National Students Financial Aid Scheme (NSFAS) 2009/10 Annual Report presentation
Mr Ashley Seymour, Chief Executive Officer, National Student Financial Aid Scheme, apologized for the absence of the Board Chairperson. The National Student Financial Aid Scheme (NSFAS) showed a strong balance sheet that incorporated a conservative impairment and provision for doubtful debt. It also reflected strong growth in bursary awards in 2009/10. NSFAS had received a disclaimer of opinion from the Auditor-General (A-G). This was a result of difficulties with the technical financial reporting requirements, limitations in the debtor management systems and processes, and limited financial skills and capacity within the organisation. This audit outcome was taken very seriously by the Board and management of NSFAS, who had adopted an audit improvement plan.

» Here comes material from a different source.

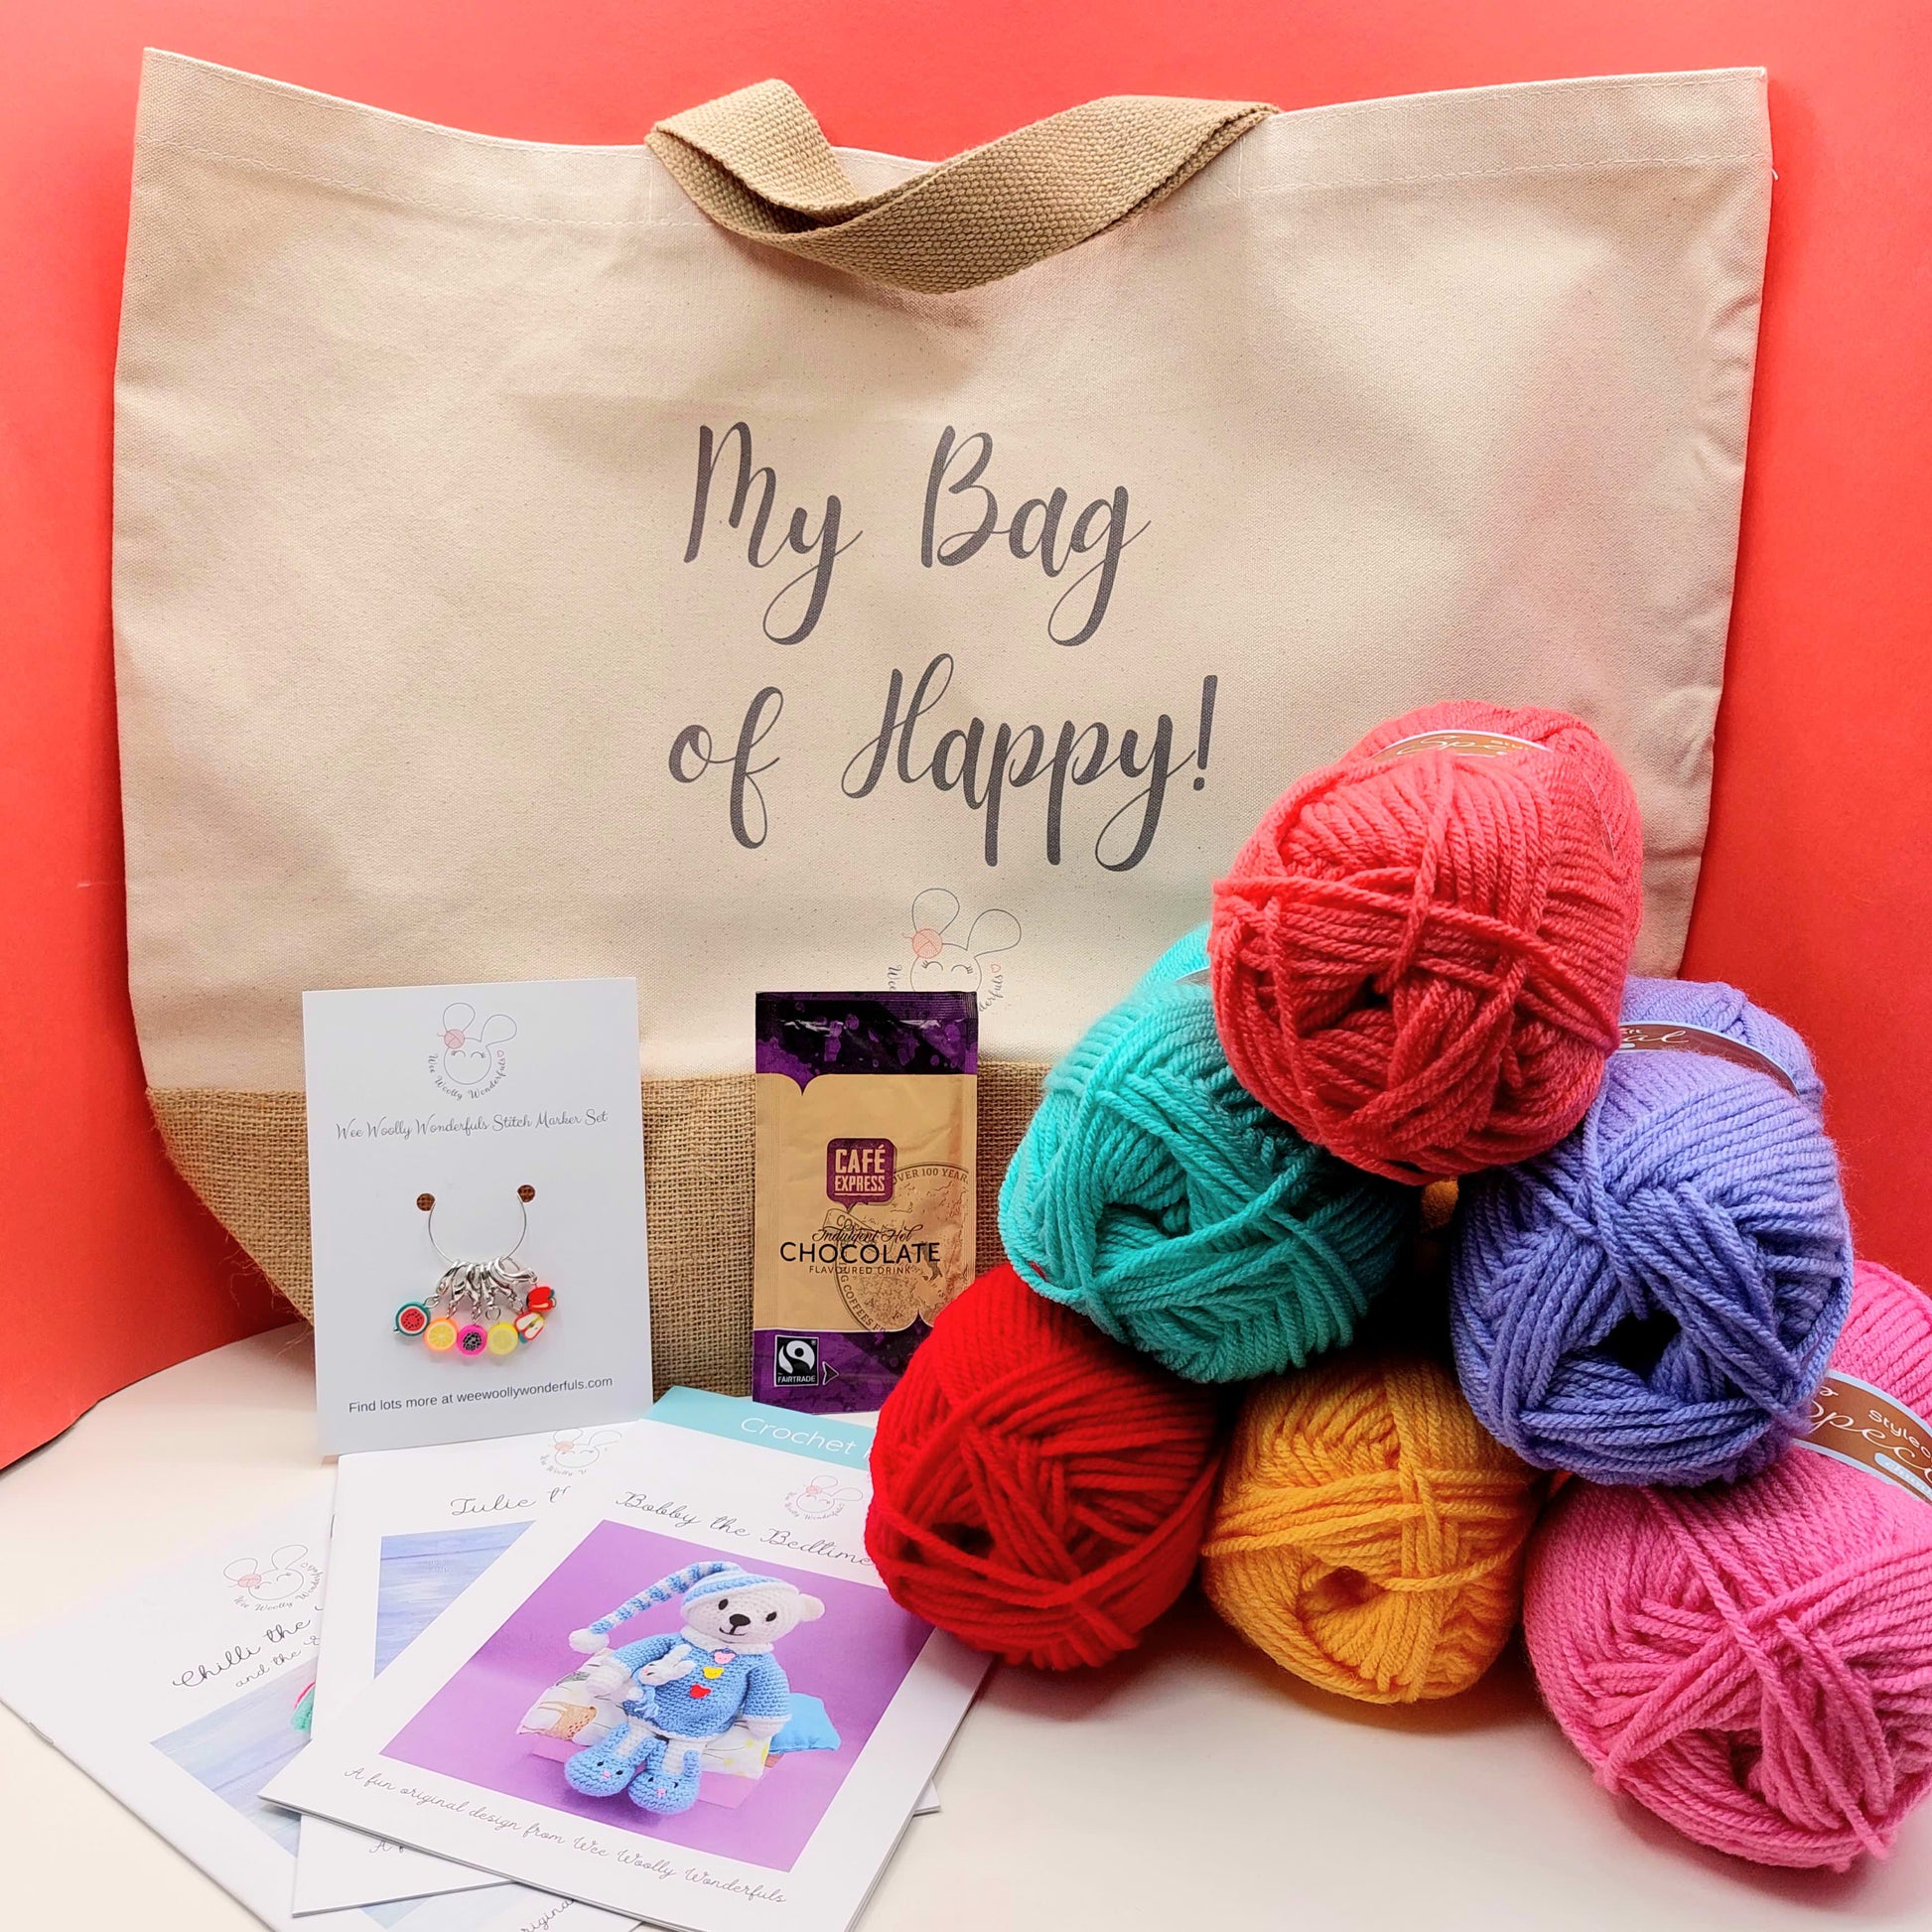 Contents of Crochet Gift Bag including wool and crochet patterns

Mr Seymour outlined that NSFAS would, in terms of this improvement plan, have its finance function reorganised, as the dynamics of NSFAS were equal to those of a medium sized bank, with its increased loan book, and the reorganisation was intended to improve service delivery. Skills improvement was vital to achieve the goal. NSFAS was thus going through an extensive process to secure the kind of skills required, by appointing a number of key staff within the finance area. It had also initiated a data analysis and verification project, policy interventions, and was reviewing the awards administration processes with institutions and colleges. A new automated integrated system would be implemented to replace the legacy database platform, automated systematic validations, including validation of data inputs, would be done, an institutional support team of between three and five skilled individuals would be created, and a graduate development programme would be put into place.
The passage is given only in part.